US Charity Sends Cash Transfers Directly to Recipients by Mobile Phone

Sending shockwaves through the third sector, US charity GiveDirectly transfers unconditional cash from donors via mobile phone to some of the world's poorest families.

Based in California, the small non-profit uses mobile technology to transfer money directly from donors to some of the poorest people in east Africa.

“We're totally different from other charities,” says GiveDirectly co-founder Paul Niehaus, “We're the most stripped-down, simplified model of giving help to poor people.”

The charity started working in Kenya in 2011, expanding into Uganda in 2013. Business magazine Forbes has described its approach as “radical”, while the UK's own Economist has called it “as extraordinary as throwing money out of helicopters”.

For many decades, it has been thought that the poor need to have everything done for them and that only experts knew how to go about this. Recently, however, there has been a shift in thinking about how to use aid to help the world's poorest. Today, cash-transfer schemes are estimated to reach up to a billion people in developing countries.

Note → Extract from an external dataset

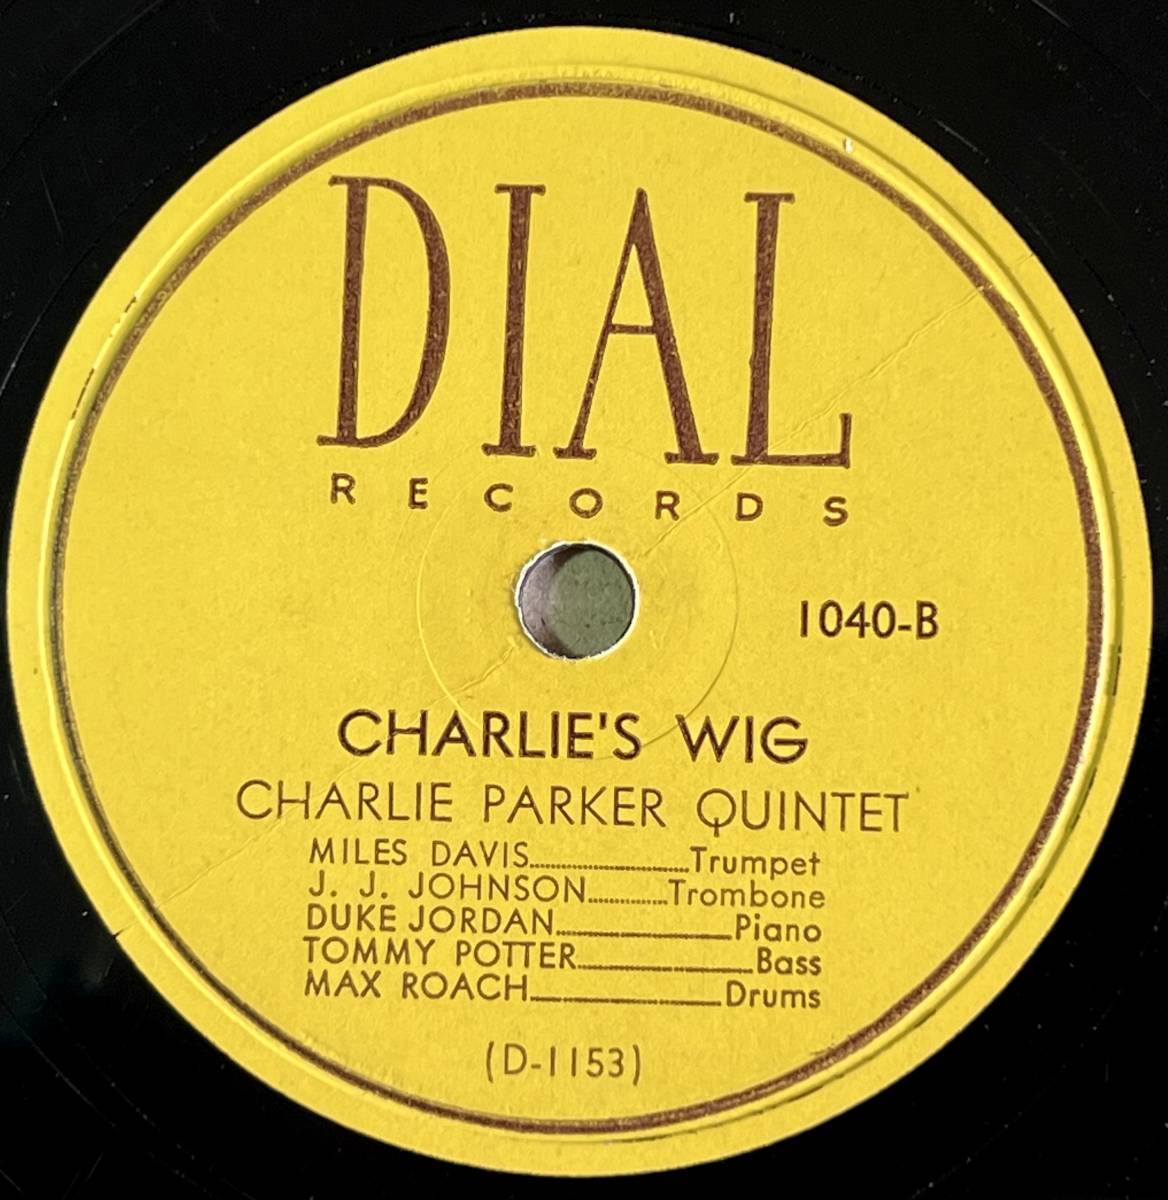 CHARLIE PARKER QUNITET DIAL Klactoveedsedstene/ Charlie’s Wig 素晴らしいサウンド!!!

A 2011 paper from the UK Department for International Development said a "quiet revolution" over the past 15 years has seen such initiatives move "from the margins of development policy towards the mainstream".

"People think this is radical and weird, but actually it is all the things we think of as conventional that haven't been tested," says Niehaus, who is uncomfortable about some of the attention GiveDirectly has received in this respect. Poor people, he says, know better than anyone what they need, and assumptions that they will waste the money they receive are not backed up by evidence.

In addition to giving people money directly, GiveDirect offers its donors lots of data regarding how the recipients used the cash to improve their situation, including details of how the money was spent on nutrition, healthcare and education.

GiveDirectly locates poor households (typically families that reside in mud huts with thatched roofs) and transfers money to their mobile phones by using a system called M-Pesa, which is run by Vodafone. According to Niehaus, many recipients use the cash to upgrade their home by installing a metal roof.